The increase to base salaries for employees at the lower end of CIBC’s pay grade will take effect in July, according to a company memo sent Thursday by chief executive officer Victor Dodig. Those job categories include customer service representatives at branches, call centre agents, and investment adviser assistants. Scotiabank’s pay raises take effect on June 20. The changes align CIBC and Scotiabank with similar 3-per-cent pay raises for lower-paid staff that have been promised by Toronto-Dominion Bank TD-T, Royal Bank of Canada RY-T and Bank of Montreal BMO-T over the past two months.

CIBC is also raising the minimum wage it pays employees in Canada and the United States to $20 an hour in July, from $17 currently. And the bank is committing to further increase that minimum wage to $25 an hour by 2025, or the equivalent in local currency.

“These investments build on the steady, strategic targeted investments we have been making as we continue to ensure we pay competitively and recognize the contributions of our team, particularly at a time when the cost of living has been increasing,” Mr. Dodig said in the memo.
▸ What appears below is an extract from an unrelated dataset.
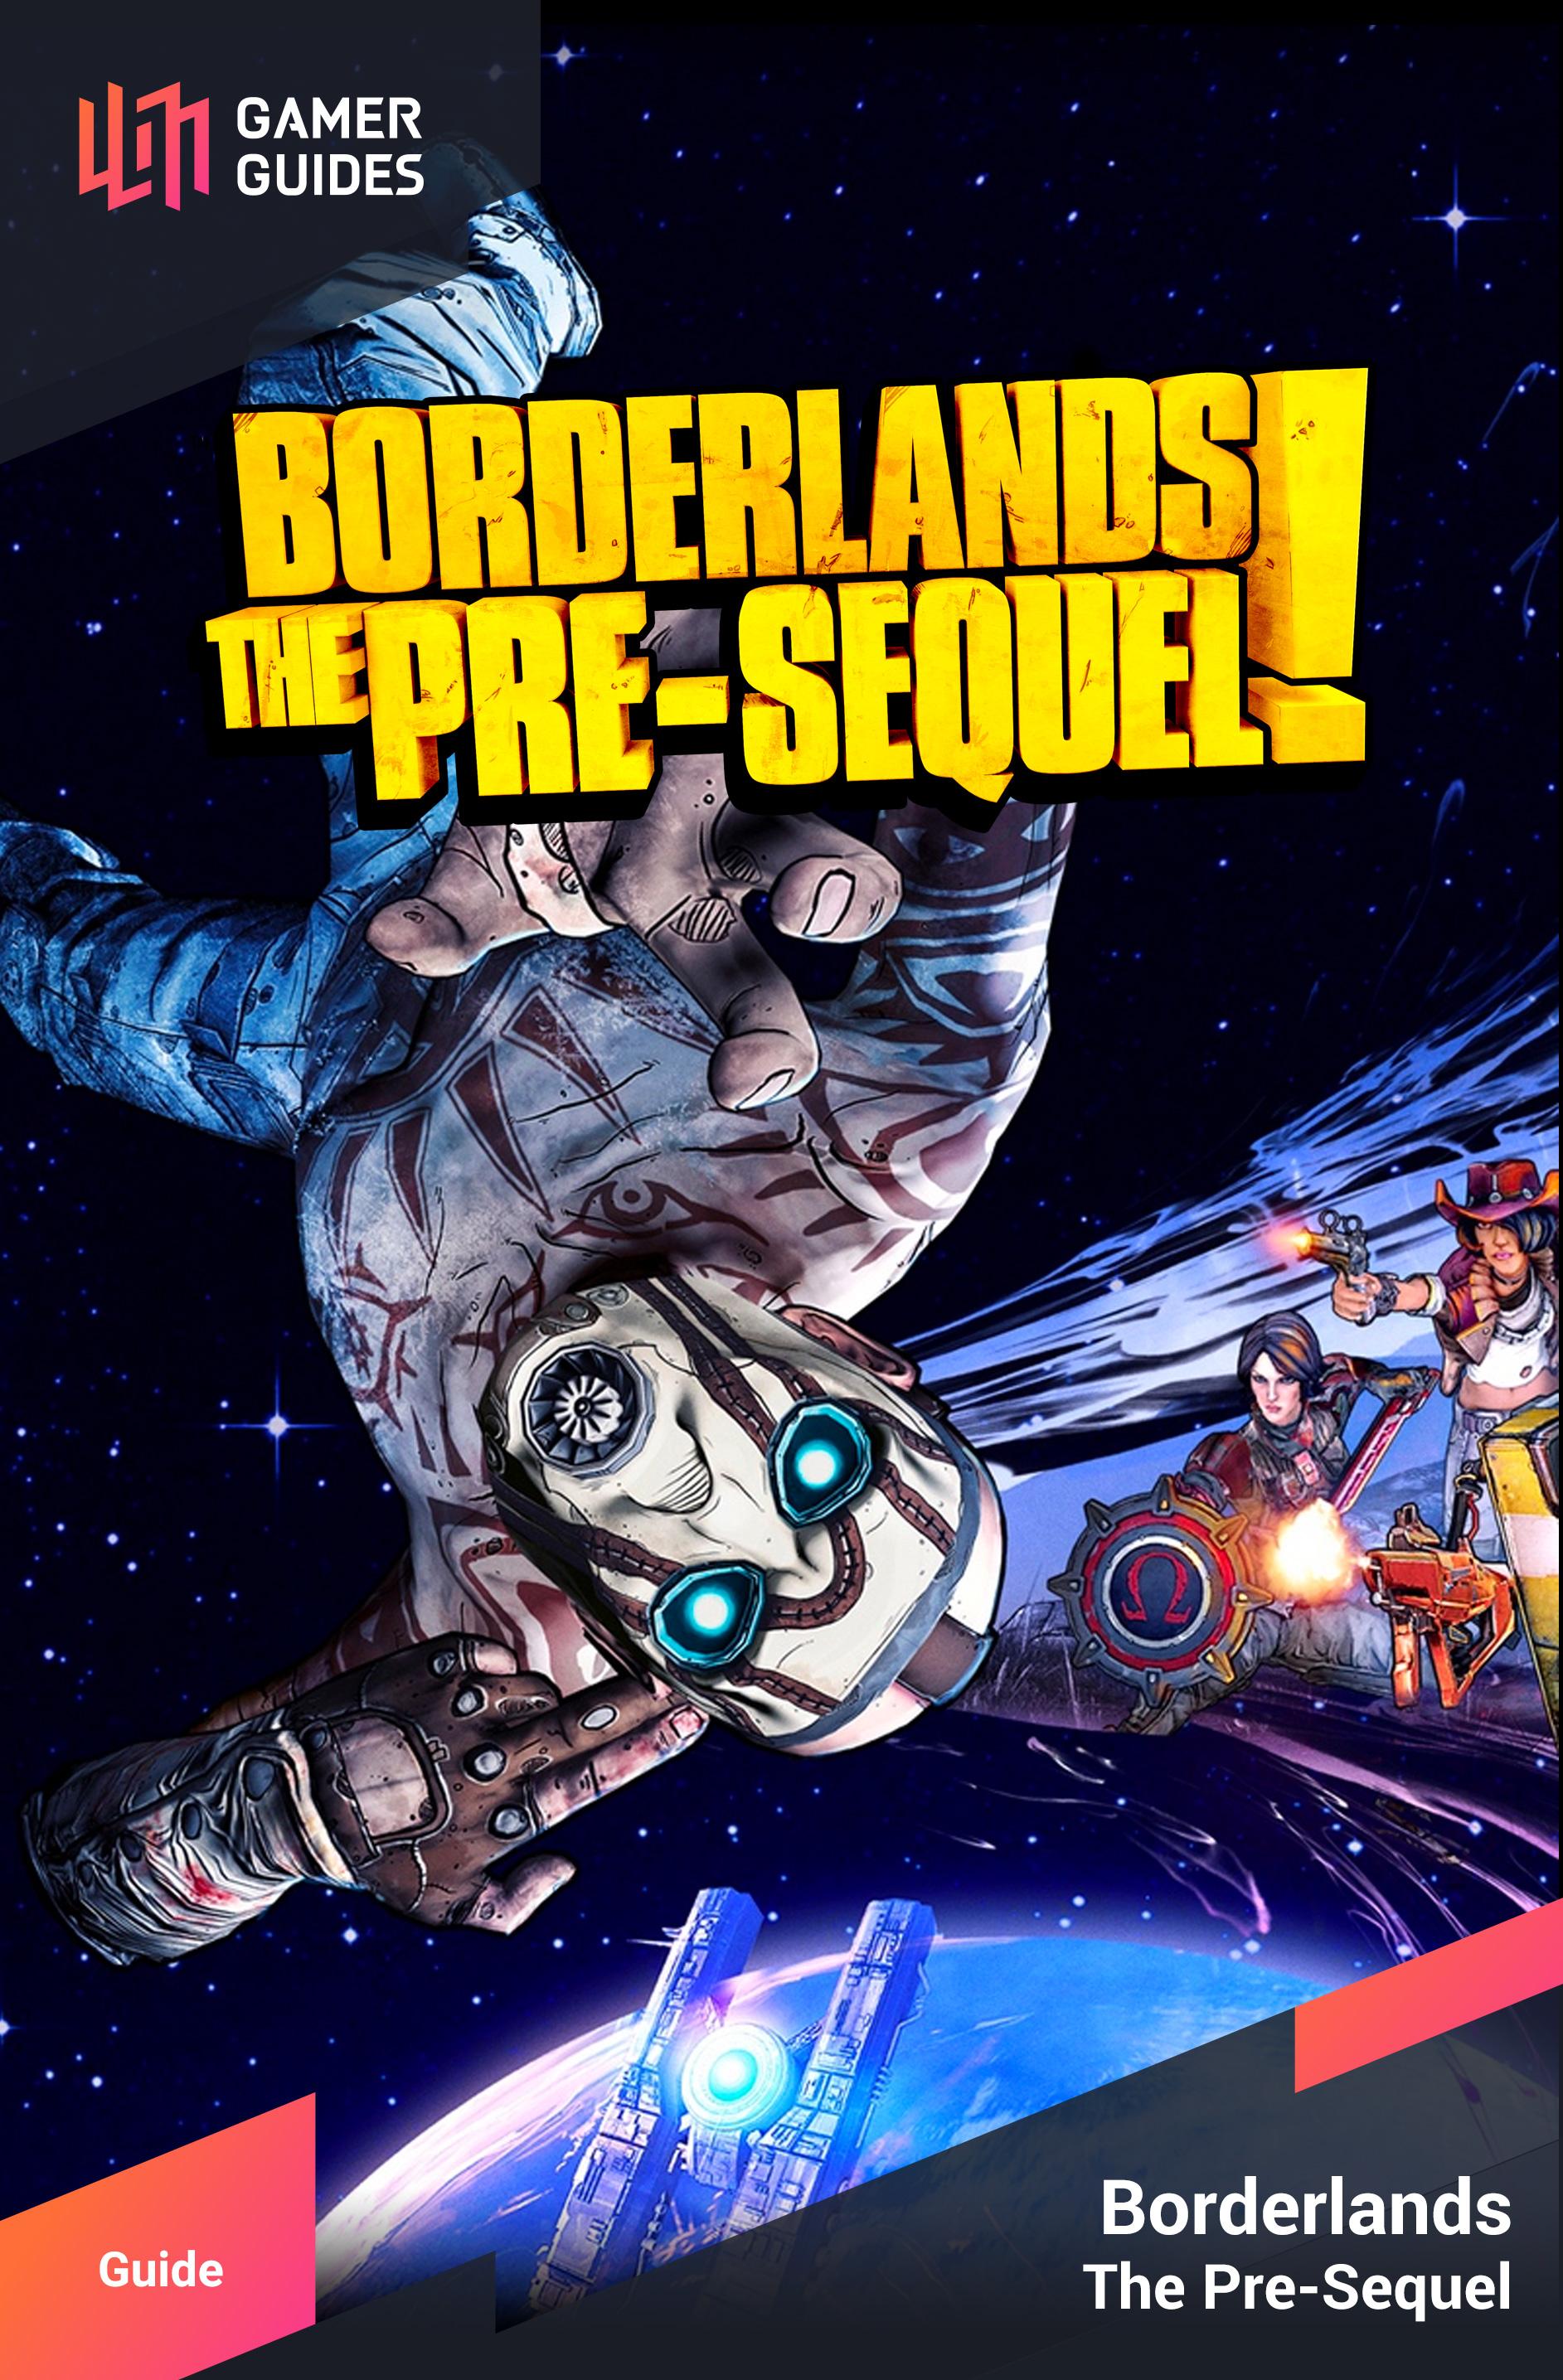 The Secret Chamber | Borderlands: The Pre-Sequel | Gamer Guides

Banks are in fierce competition for talent in executive and technology roles, but also in customer-facing jobs in branches and call centres, as well as some back-office roles. That, combined with high inflation that is driving up prices, has pushed banks’ fixed costs higher.

In mid-April, TD was the first major bank to offer an unusual midyear boost to base salaries, which takes effect in July. The raises will cost TD about $290-million annually, and CEO Bharat Masrani said at the time that the pay increase was to recognize employees for their work in difficult circumstances during the pandemic, “and respond to a changing environment.”
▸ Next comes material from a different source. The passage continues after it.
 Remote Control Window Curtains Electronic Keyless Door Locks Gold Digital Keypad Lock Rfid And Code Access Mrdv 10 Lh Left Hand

RBC followed suit in May, promising a July raise to nearly half its staff as part of a $200-million spending package that makes salaries and benefits more generous. Dave McKay, the bank’s CEO, said in a company memo that the higher pay was “to address the market pressures and the rising cost of living that is having a greater impact on colleagues in lower salary bands.”

And BMO also raised salaries for staff at lower pay levels by 3 per cent, chief financial officer Tayfun Tuzun said in an interview last month. “We are seeing compensation inflation in this type of a job market, I think that’s quite natural,” he said.
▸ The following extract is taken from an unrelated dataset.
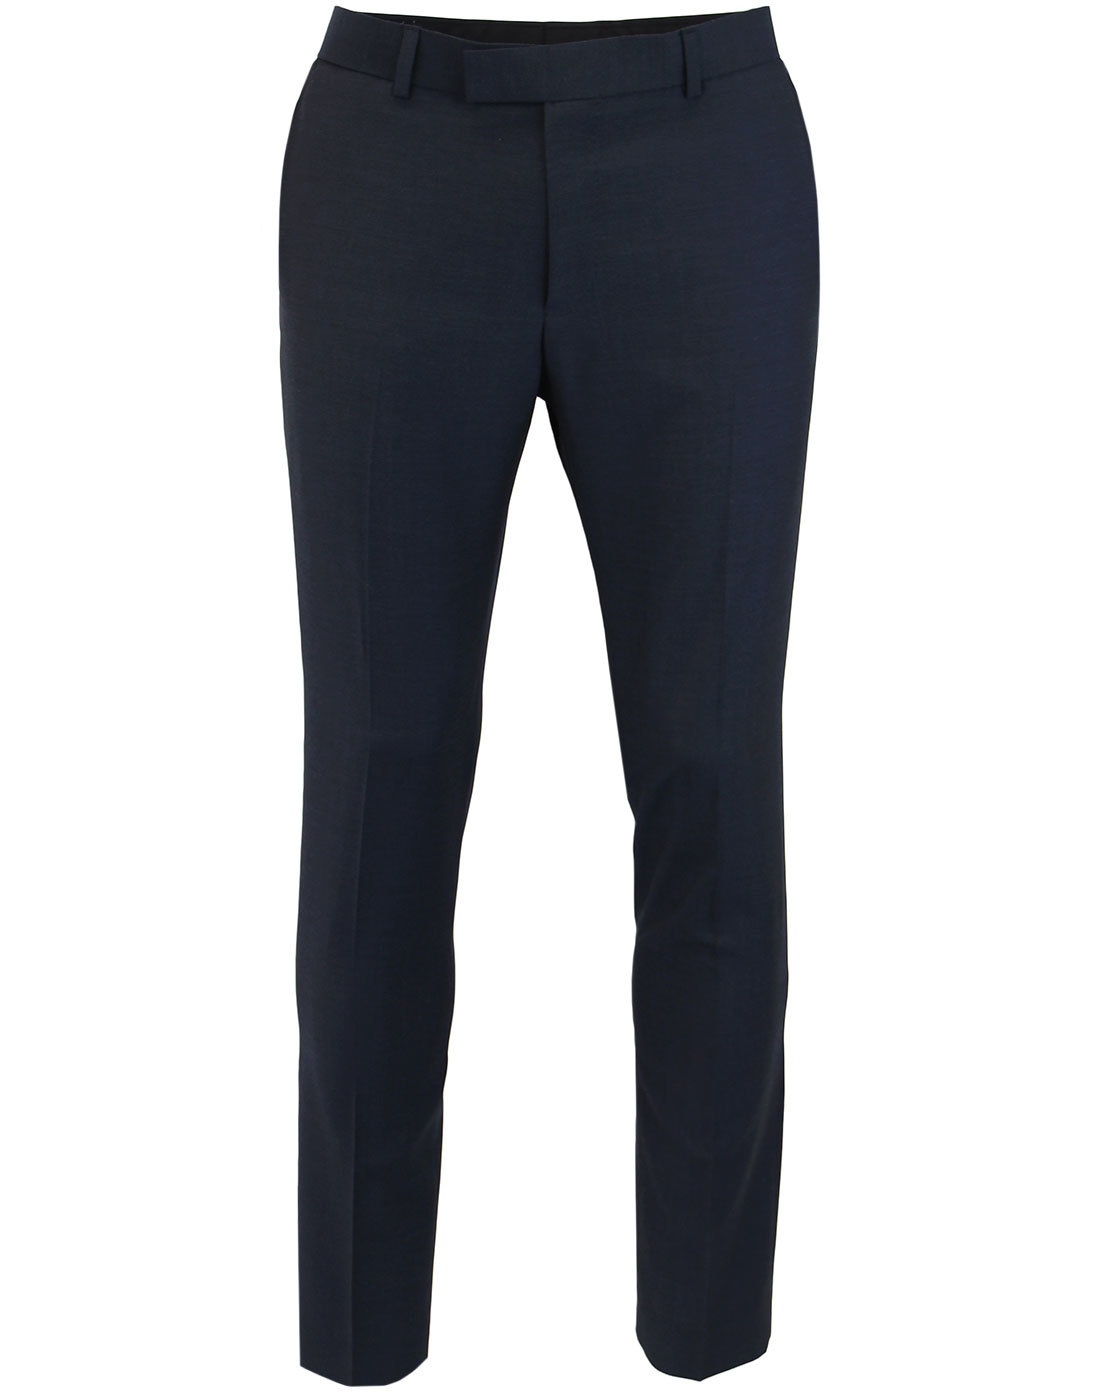 MADCAP ENGLAND Mod Mohair Slim Suit Trousers NAVY

Some banks have handed out one-time cash bonuses to employees at various times during the COVID-19 pandemic. But the increases to base pay and minimum wages, which could be compounded by regular increases at the end of the fiscal year in October, are a more lasting step up in salaries and wages for banks’ lower-paid employees.

CIBC has also enhanced its employee benefits for childcare leave, mental health services, gender affirmation care and fertility treatment coverage, among other things.